When the Disallow translation from AES wrapping to DES wrapping access control point is enabled in the domain role, this service fails if the input_PIN_encrypting_key_identifier is an AES key and the output_PIN_encrypting_key_identifier is a DES key.

When the Disallow translation from AES wrapping to weaker AES wrapping access control point is enabled in the domain role, this service fails if the input_PIN_encrypting_key_identifier is stronger than the output_PIN_encrypting_key_identifier.

When the Disallow translation from DES wrapping to weaker DES wrapping access control point is enabled in the domain role, this service fails if the input_PIN_encrypting_key_identifier is stronger than the output_PIN_encrypting_key_identifier.

When the Disallow PIN block format ISO-1 access control is enabled in the domain role, the PIN block format in the input_PIN_profile and output_PIN_profile parameters is not allowed to be ISO-1.

Required hardware

This table lists the required cryptographic hardware for each server type and describes restrictions for this callable service. The CCA releases used in the table are described in CCA release levels.

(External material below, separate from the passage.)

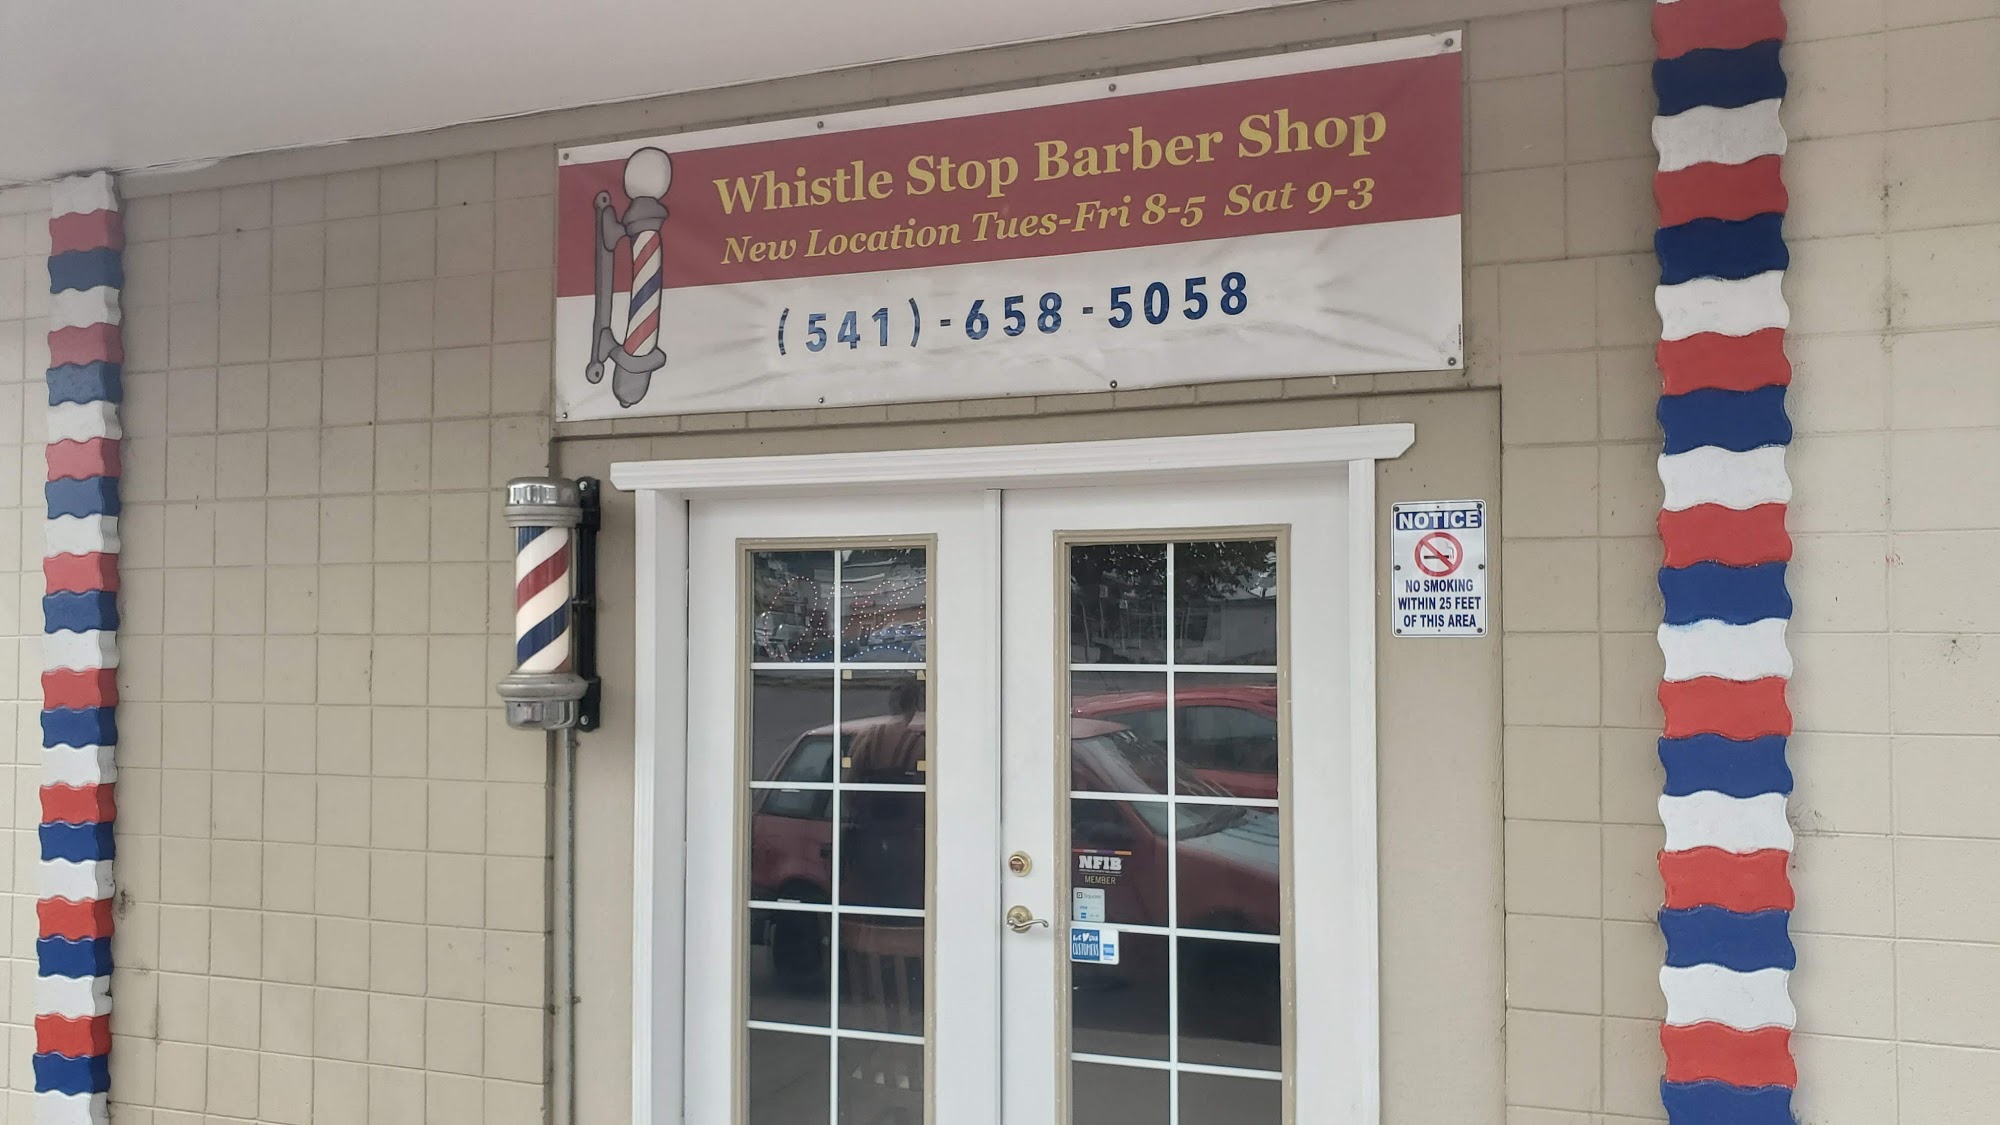 Whistle Stop Barber Shop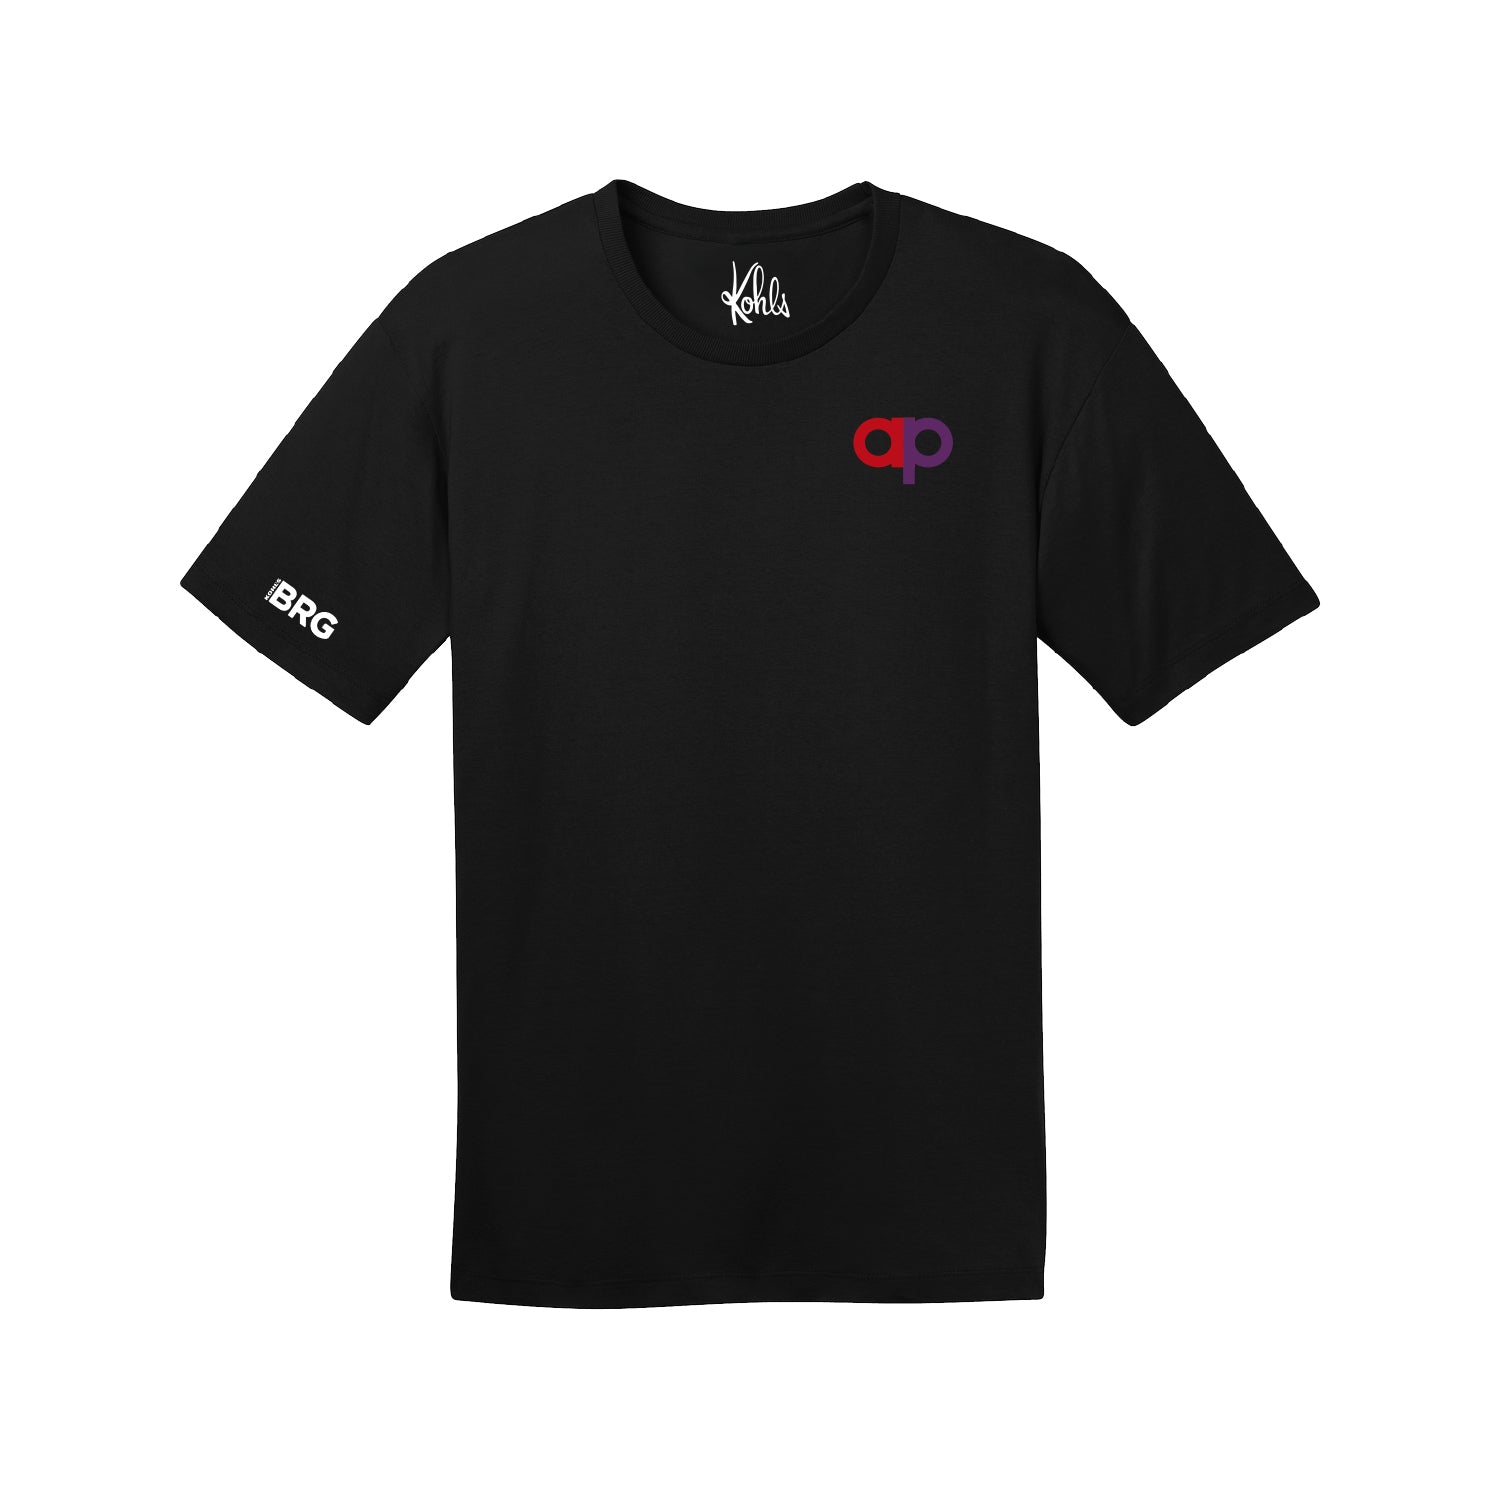 KLM ASIAN PACIFIC BRG TEE

Table 7. Encrypted PIN Translate2 required hardware
Server	Required cryptographic hardware	Restrictions
IBM z14 IBM z14 ZR1	Crypto Express5 CCA Coprocessor	This service requires the July 2019 or later licensed internal code (LIC). Compliant-tagged key tokens are not supported. Support for key usage attribute RFMT4TO1 for AES PINPROT keys requires the November 2019 or later licensed internal code. The AES-DUKPT algorithm is not supported. X9.143 key blocks are not supported.
IBM z14 IBM z14 ZR1	Crypto Express6 CCA Coprocessor	This service requires the December 2018 or later licensed internal code (LIC). Compliant-tagged key tokens and PANAUTAS and PANAUTI4 keywords require a CEX6C with the July 2019 or later licensed internal code (LIC). Support for key usage attribute RFMT4TO1 for AES PINPROT keys requires the November 2019 or later licensed internal code. The AES-DUKPT algorithm requires the October 2020 or later licensed internal code (LIC). X9.143 key blocks are not supported.
IBM z15 IBM z15 T02	Crypto Express5 CCA Coprocessor	Compliant-tagged key tokens are not supported. Support for key usage attribute RFMT4TO1 for AES PINPROT keys requires the October 2019 or later licensed internal code. The AES-DUKPT algorithm is not supported. X9.143 key blocks are not supported.
IBM z15 IBM z15 T02	Crypto Express6 CCA Coprocessor Crypto Express7 CCA Coprocessor	Support for key usage attribute RFMT4TO1 for AES PINPROT keys requires the October 2019 or later licensed internal code. The AES-DUKPT algorithm requires the September 2020 or later licensed internal code (LIC). X9.143 key blocks are not supported.
IBM z16 IBM z16 A02	Crypto Express6 CCA Coprocessor Crypto Express7 CCA Coprocessor	X9.143 key blocks are not supported.
IBM z16 IBM z16 A02	Crypto Express8 CCA Coprocessor	X9.143 key blocks support requires the CCA release 8.1 or later licensed internal code (LIC).
IBM z17	Crypto Express7 CCA Coprocessor	X9.143 key blocks are not supported.
IBM z17	Crypto Express8 CCA Coprocessor	X9.143 key blocks support requires the CCA release 8.1 or later licensed internal code (LIC).